第7話:鳥籠
頭蓋が燃えている。
小気味良い乾いた音を立てながら、眼球の裏で火花が散る。
僕は気づかぬ内に立ち上がっていた。
脚は震え、腕は動かない。
それでも尚、僕の身体は執拗に立ち上がることを求めた。
10メートルほど先に、キュクロプスの巨躯が見える。
しかし、どこか奇妙だった。
呆然といった様子で怪物は立ち尽くしていた。まるですぐ傍に広がる木々のように、鬼は啼かず動かず、じっとその場に生えている。
次に視界に飛び込んできたのは、相変わらず横たわったままの安原の姿だった。幸い、まだ無事のようだ。

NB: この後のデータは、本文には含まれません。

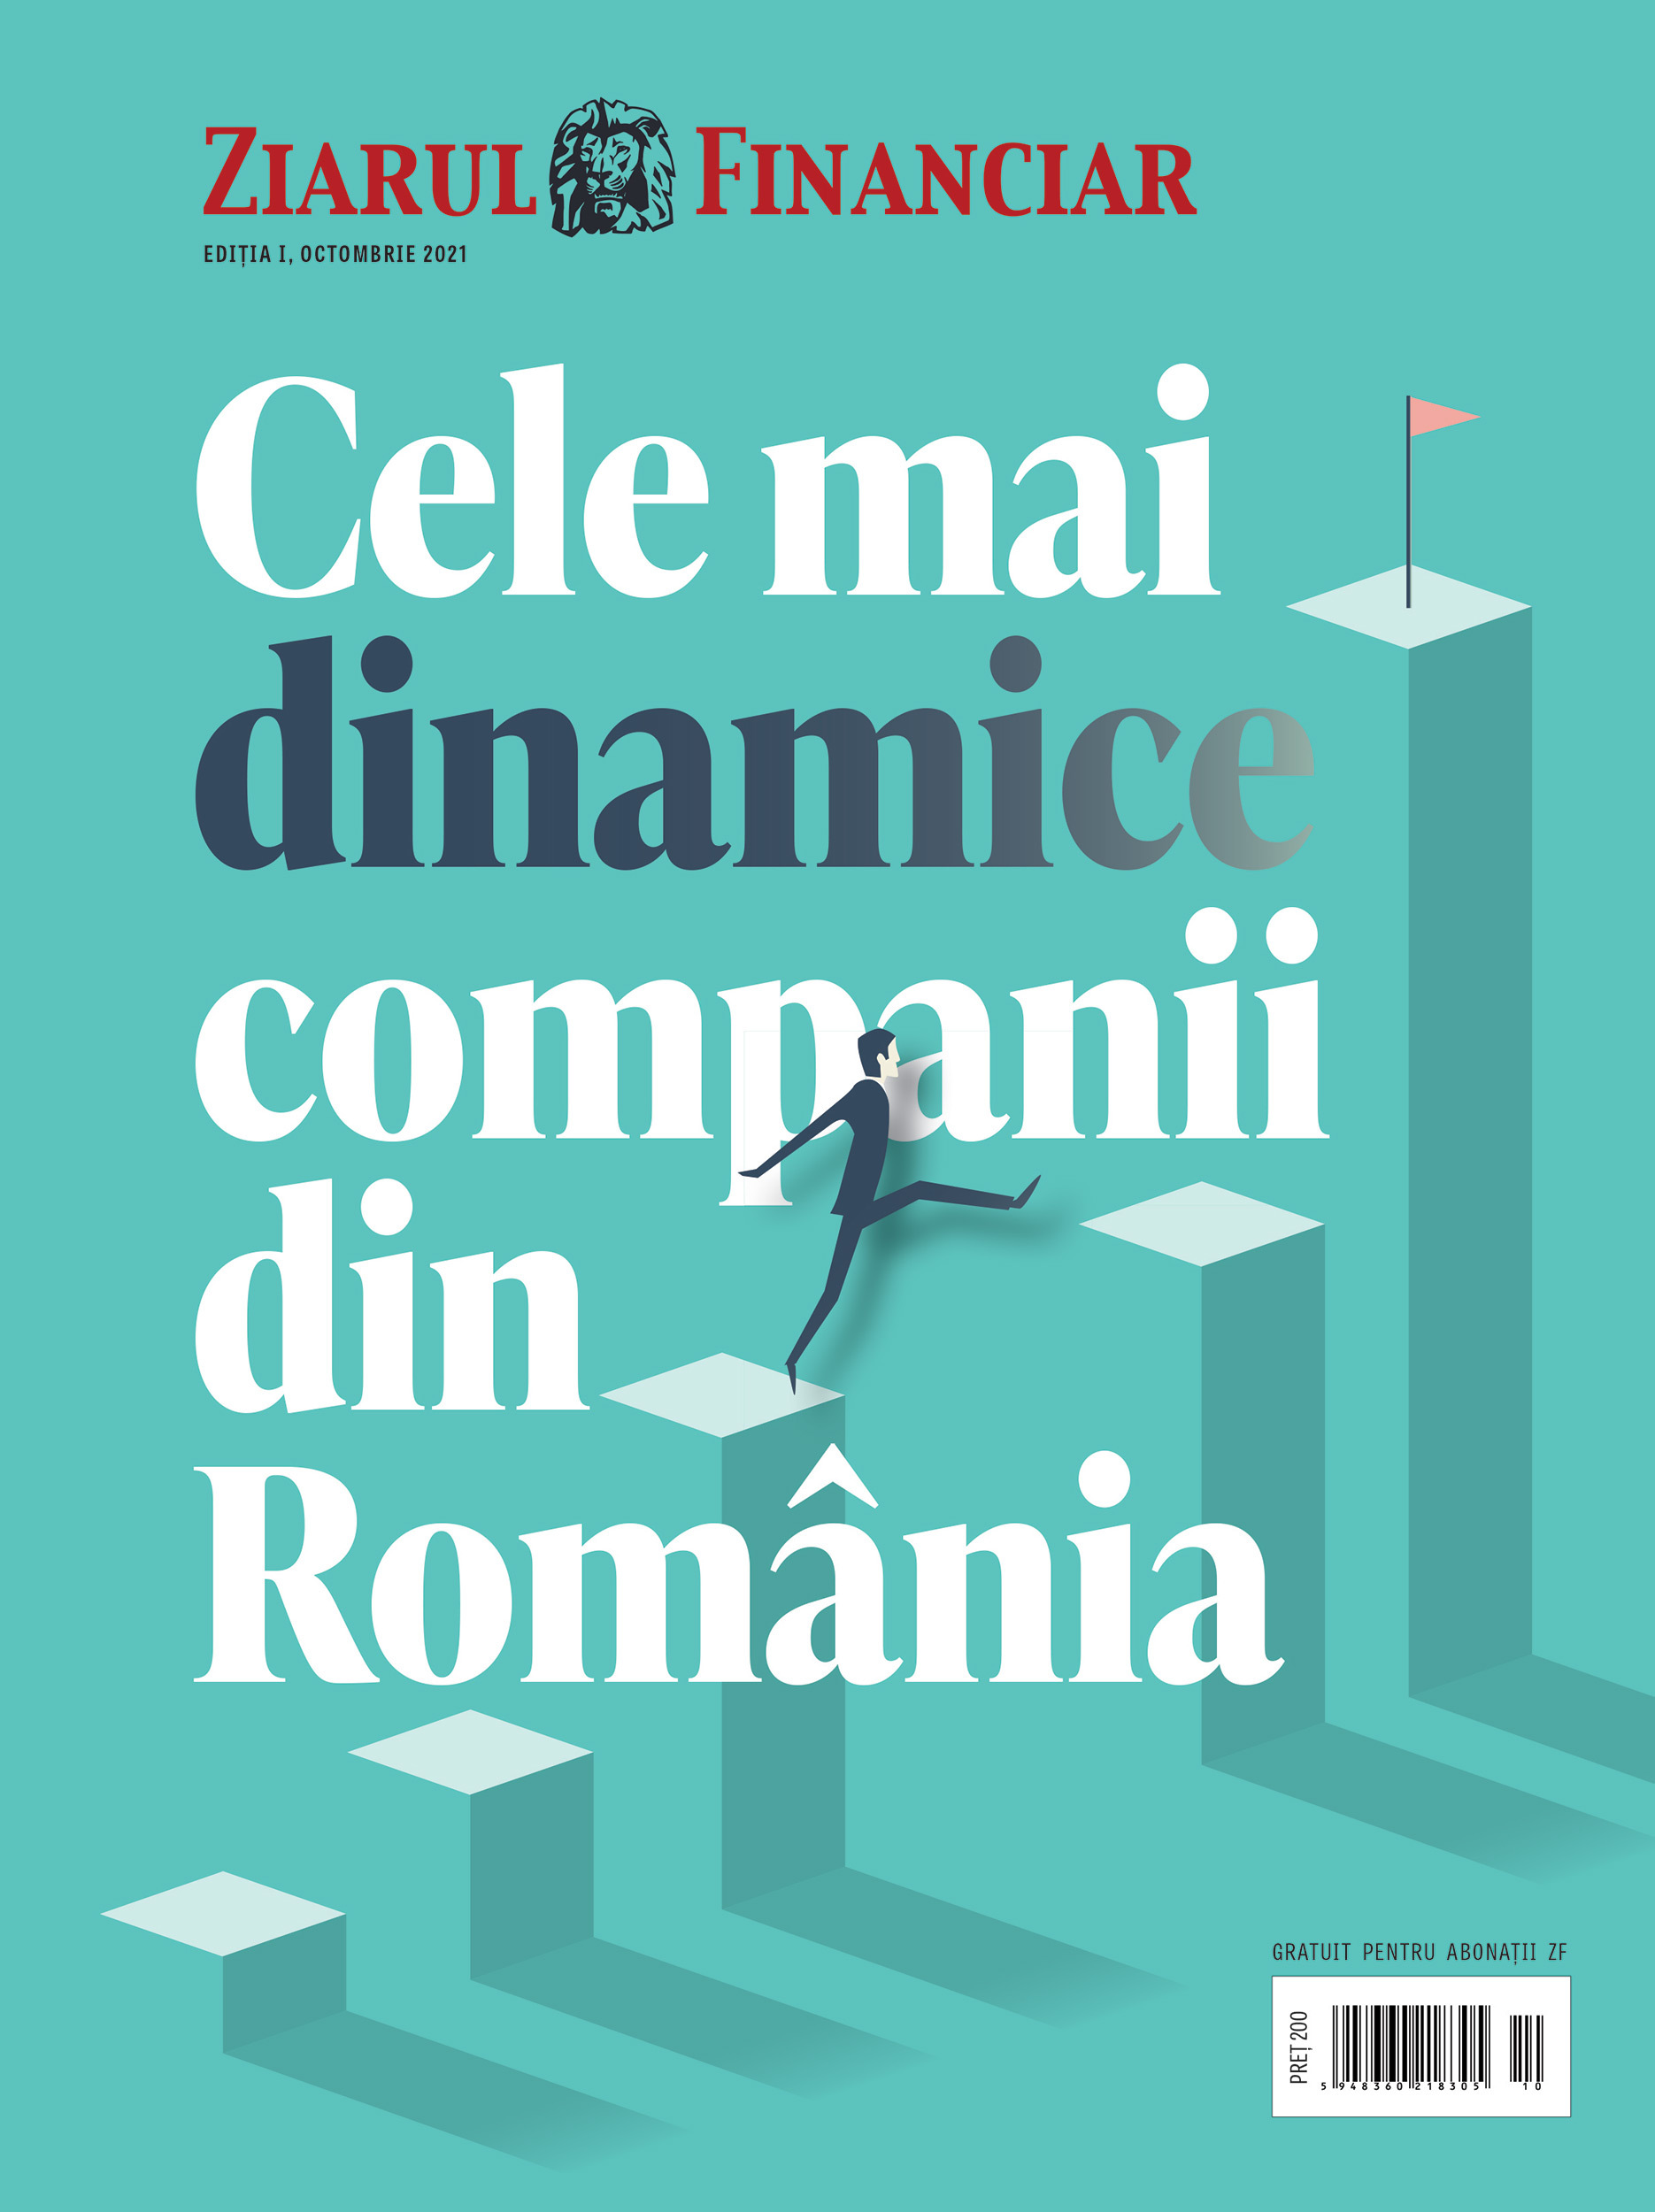 Urmează anuarul ZF Cele mai dinamice companii din România – prima ediţie. Ziarul Financiar vă propune un nou proiect editorial – Cele mai dinamice companii din România – un produs care îi aduce în prim-plan pe învingătorii crizei generate de pandemia de COVID-19

ほっと息を撫で下ろしたところで、朦朧とする頭の中に1つの疑問が灯った。
キュクロプスは、攻撃を途中でやめたのか。
一体何故。
改めてキュクロプスに目をやったが、相変わらずぴくりともしない。胸の内で、違和感が益々膨れていく。
そういえば、頭が熱い。まるで、脳味噌が燃えているようだ。
それに、今にも胃袋から泉のように胃液が噴き出してきそうだ。世界がぐるぐると回転している。
……一体、何が起こった。
キュクロプスもそうだが、僕の身体も普通ではない。ひどく悪酔いした後に、ウォッカをしこたま飲んだような感覚。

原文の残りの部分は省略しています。